Ensure the scatterplot3d library has been loaded in your current R session.
a. Turn your attention back to the diabetes data frame found in the faraway package (you first looked at these data in Section 21.5.2). Your goal is to produce a scatterplot3d plot of weight, hip, and waist measurements as per the following guidelines:
– Hip, waist, and weight variables should correspond to the x-axis, y-axis, and z-axis, respectively; provide neat axis titles.
– Use built-in functionality to ensure the 3D depth is highlighted by color.
– Choose two different point characters to reflect gender.
– Place a simple legend referencing these two point characters and gender in the blank space in the upper-left area.
b. Create a 3D scatterplot of the built-in airquality data, which you first met in Section 24.2.2, according to the following guidelines:
– Create a copy of the data frame using na.omit to remove all rows that contain missing values and work with this copy.
– Plot wind speed and solar radiation against the x- and y-axes, respectively, using the z-axis to plot temperature.

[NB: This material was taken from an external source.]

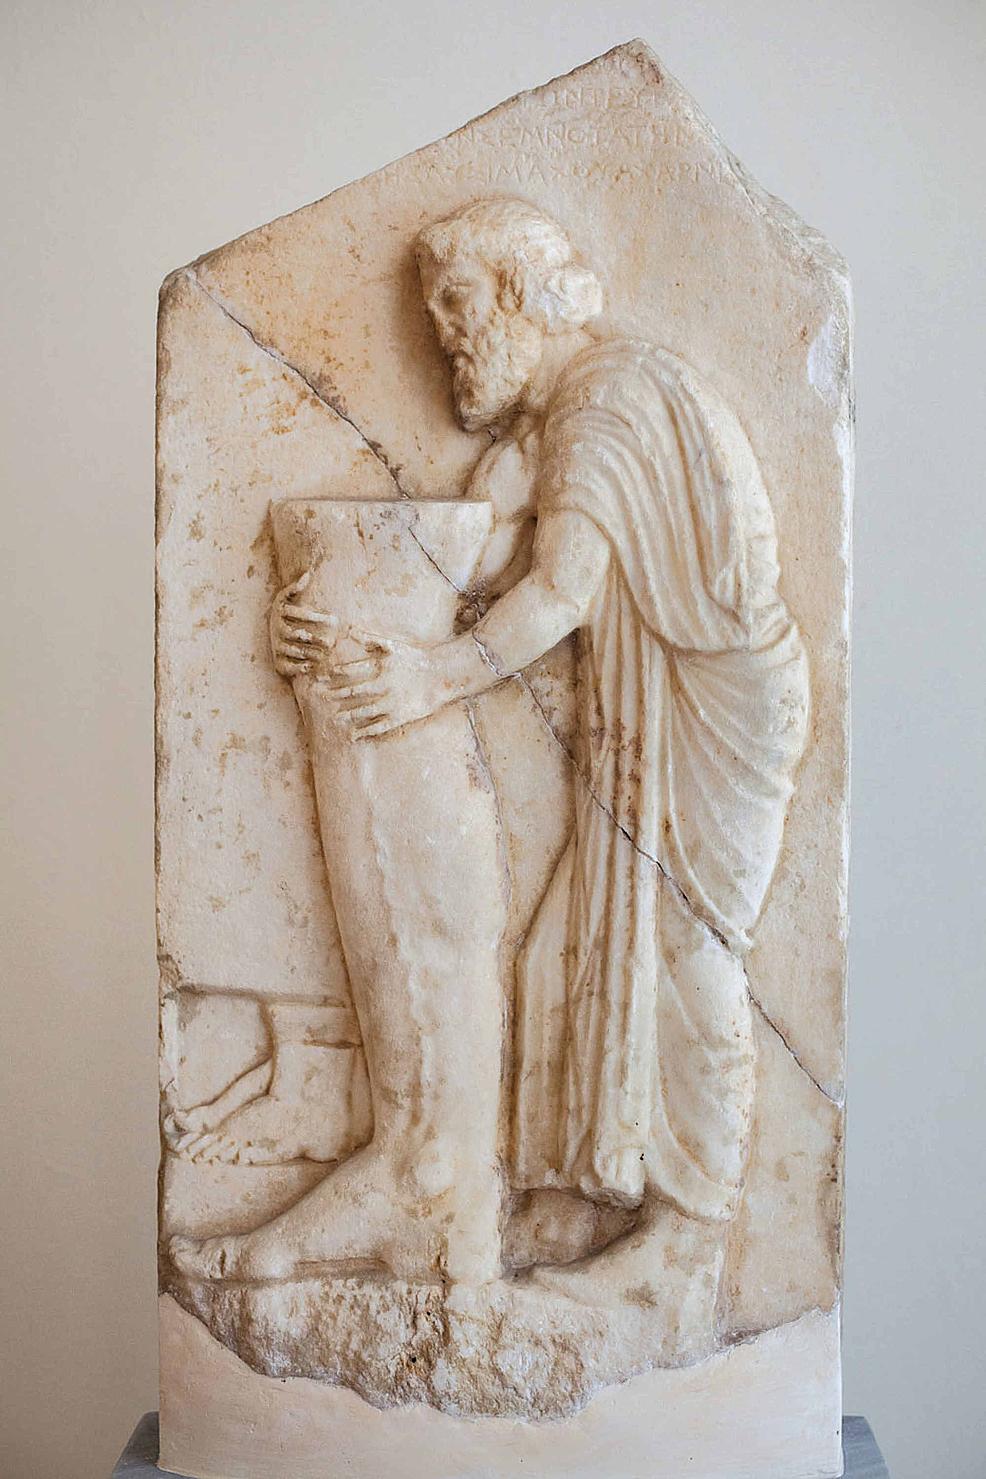 Votive-relief-found-near-Enneakrouno,-Athens

– Apply vertical dotted lines reaching up from the x-y plane to each observation.
– The data in airquality are comprised of measurements taken over five months, from May to September. Each plotted point should take on the corresponding pch value from 1 to 5 respective to the order of these five months.
– With a vector of 50 colors generated from the built-in topo.colors palette, use the categorization approach to ensure each plotted point is colored according to its ozone value.
– Set a legend to reference the five point types according to month.
– Set a color legend (using functionality from the shape package) to reference the ozone value accordingly.
– Ensure the plot has neat axis, main, and legend titles.